Oct 30, 2009 at 07:29 PM
written by Michael Munson

Applying Lessons Learned

Some information just came across my laptop suggesting the average sponsorship proposal meets only 45% of brand needs. That’s a pretty unfortunate figure.


Imagine buying things and being more unhappy than happy with just about every purchase option? Not only frustrating that you can’t find much you like, but also painful, as with so few choices the price for what does meet your needs will invariably cost more and more.

Even with all this information technology and instant communication we have available to us today, most sponsorship proposals are DOA. It’s not really that surprising. But seeing some real numbers put to previously anecdotal evidence is sobering nonetheless.
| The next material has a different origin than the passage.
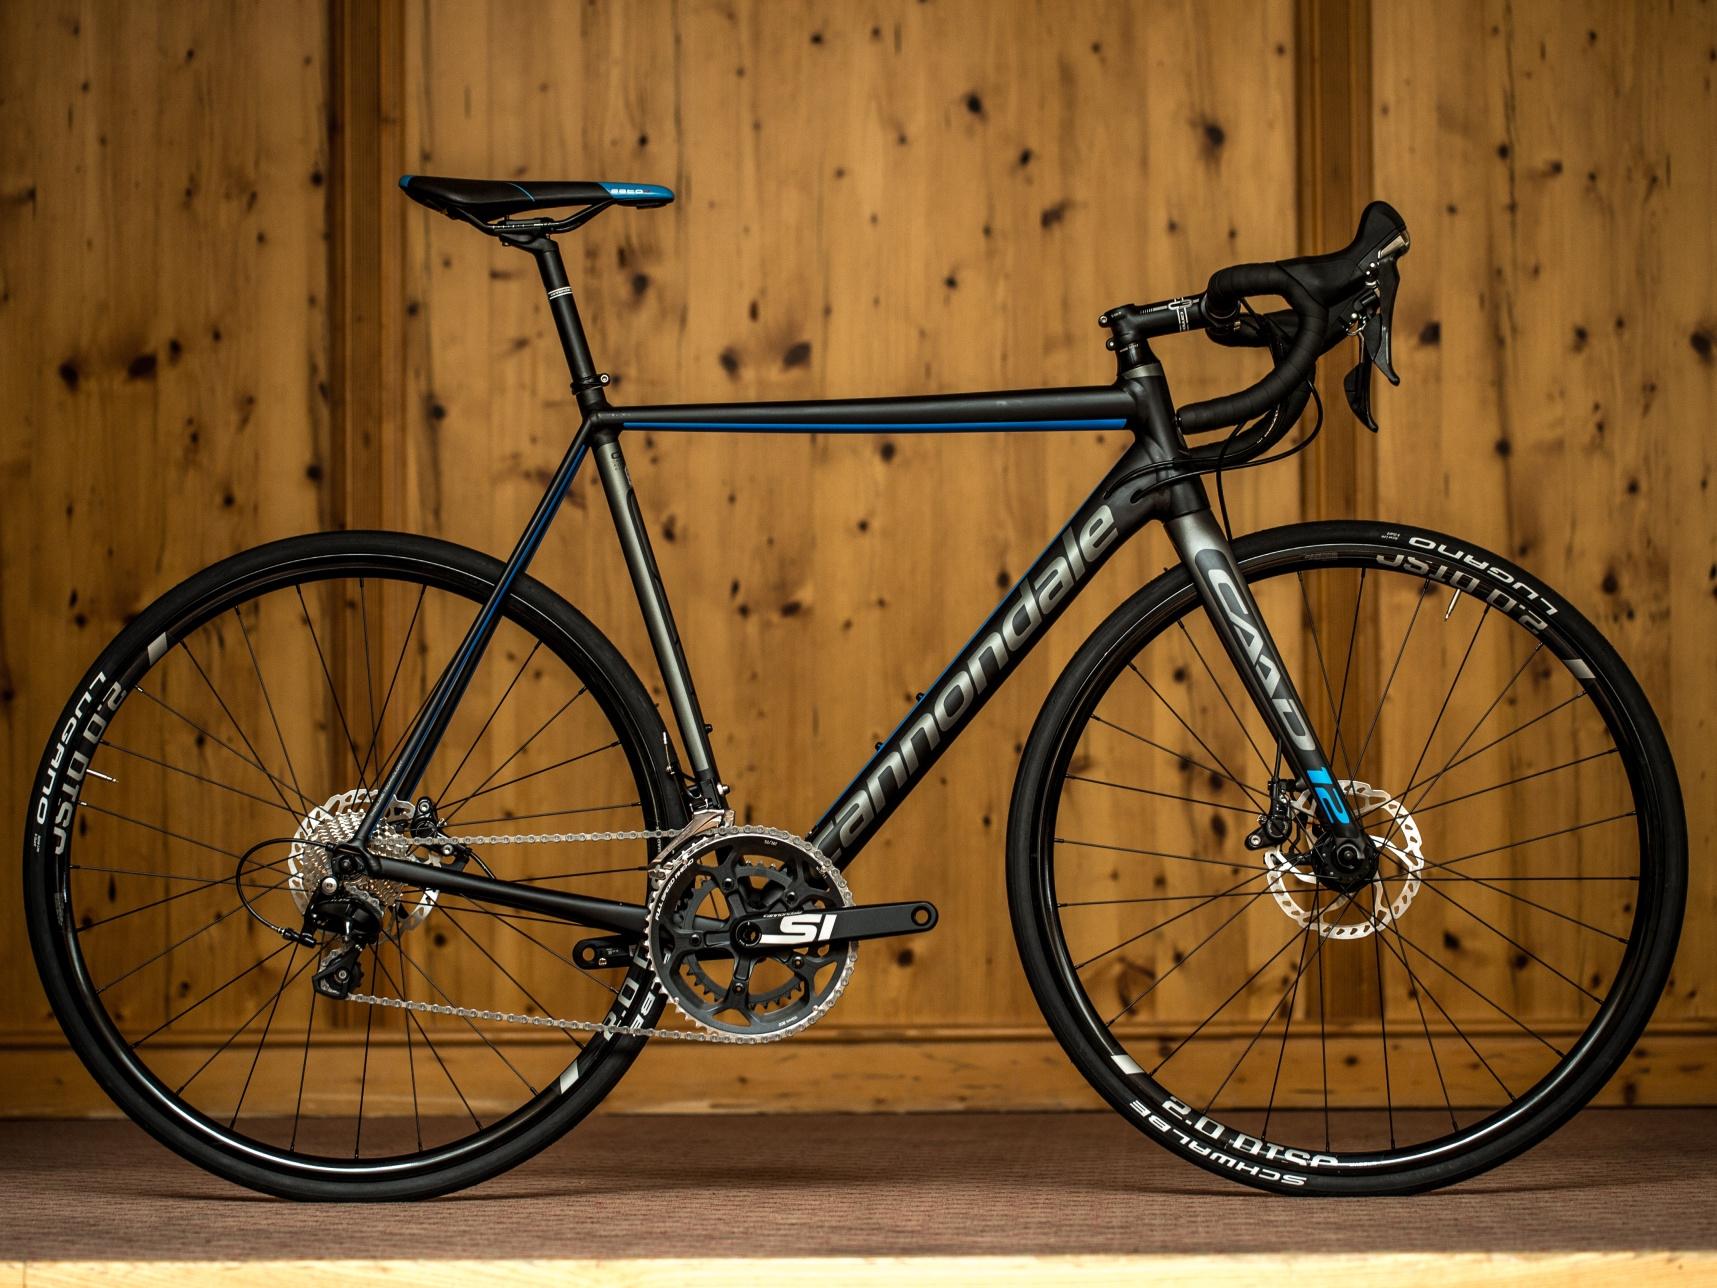 zAUSTRIA 2015_bikes_By AleDiLullo-6533
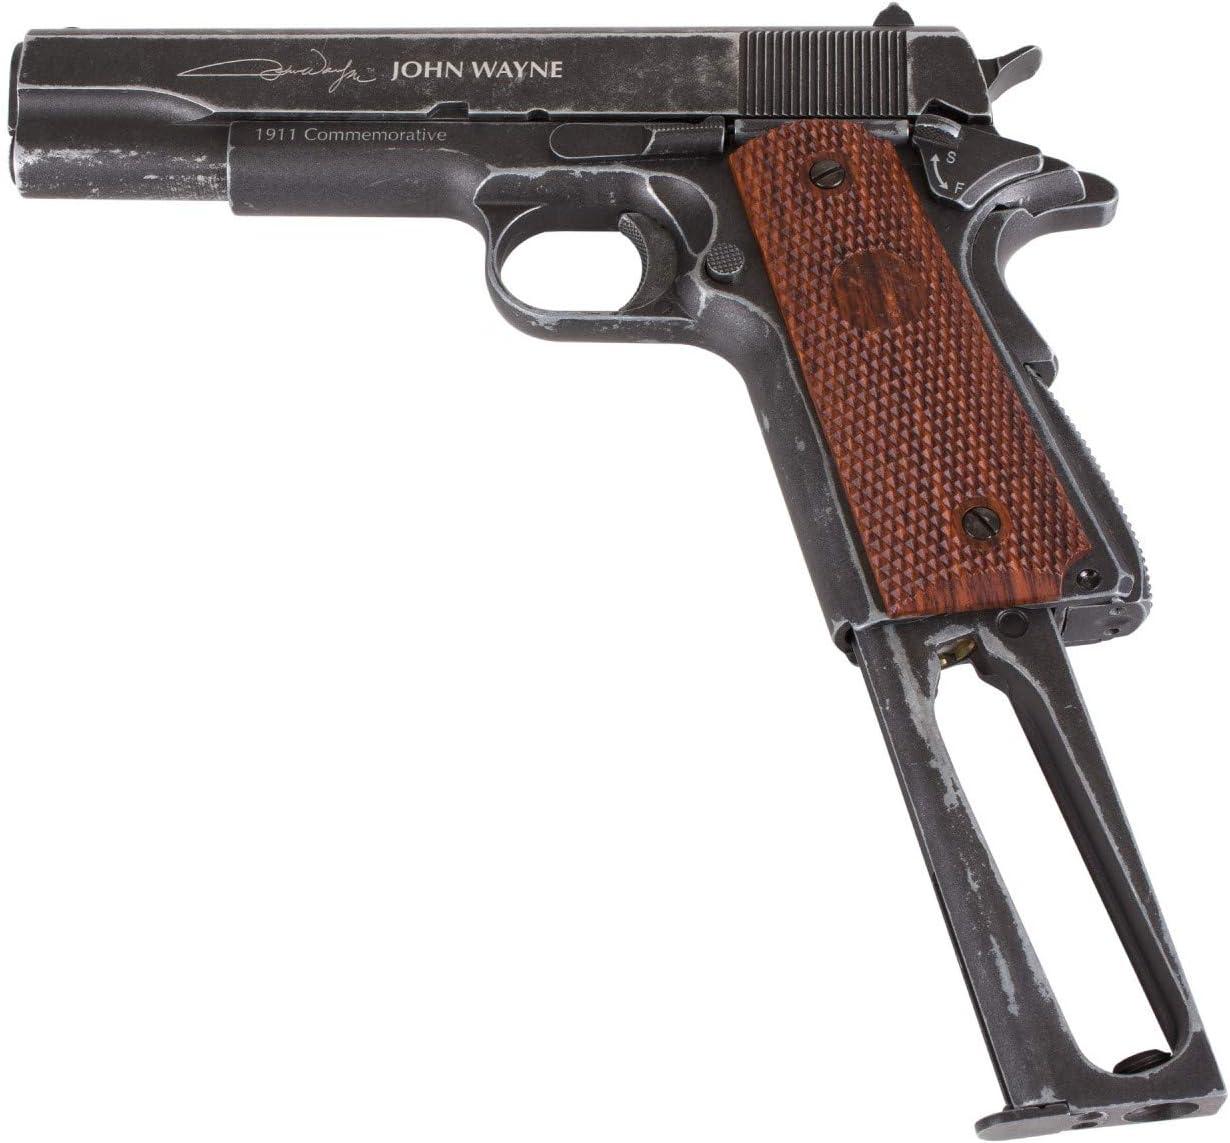 John Wayne 1911 Metal CO2 BB Pistol, Brown Grips air Pistol : Sports & Outdoors

Is this just how it is? Will more and more money be spent on fewer properties, and will these percentages continue to fall? Or is it possible to improve on them, expand and grow the number of sponsorships done? Are the tools in place to even allow more effective proposals to be created? Many brands (most?) accept sponsorship proposals online. Brands have had for a long time, the ability to indicate what they sponsor and what they seek in sponsorship opportunities. They have even had the freedom to round up properties and develop RFP and RFI tools to help them collect information to improve the quality of the proposals they get.

When we see how many proposals are not meeting needs, look at how difficult it is for properties looking to serve brands to find information about what brands want, and consider the degree to which brands say their needs aren’t being met by the proposals they are receiving, it seems something needs to change or is lacking, especially when factoring in how brands continue to lament how difficult it is to assess ROI.

Organizations often embrace how they can benefit from a new technology, but resist the unpleasant parts or inconvenient side effects (real or perceived) from it. Decisions always come with opportunity costs, however, and many times they go unconsidered. Embracing a new technology strictly vis-à-vis how it impacts your organization, and dismissing how you can make the technology work to help peers, constituents, and stakeholders be more valuable to your organization in the future, has to be the biggest opportunity cost of all.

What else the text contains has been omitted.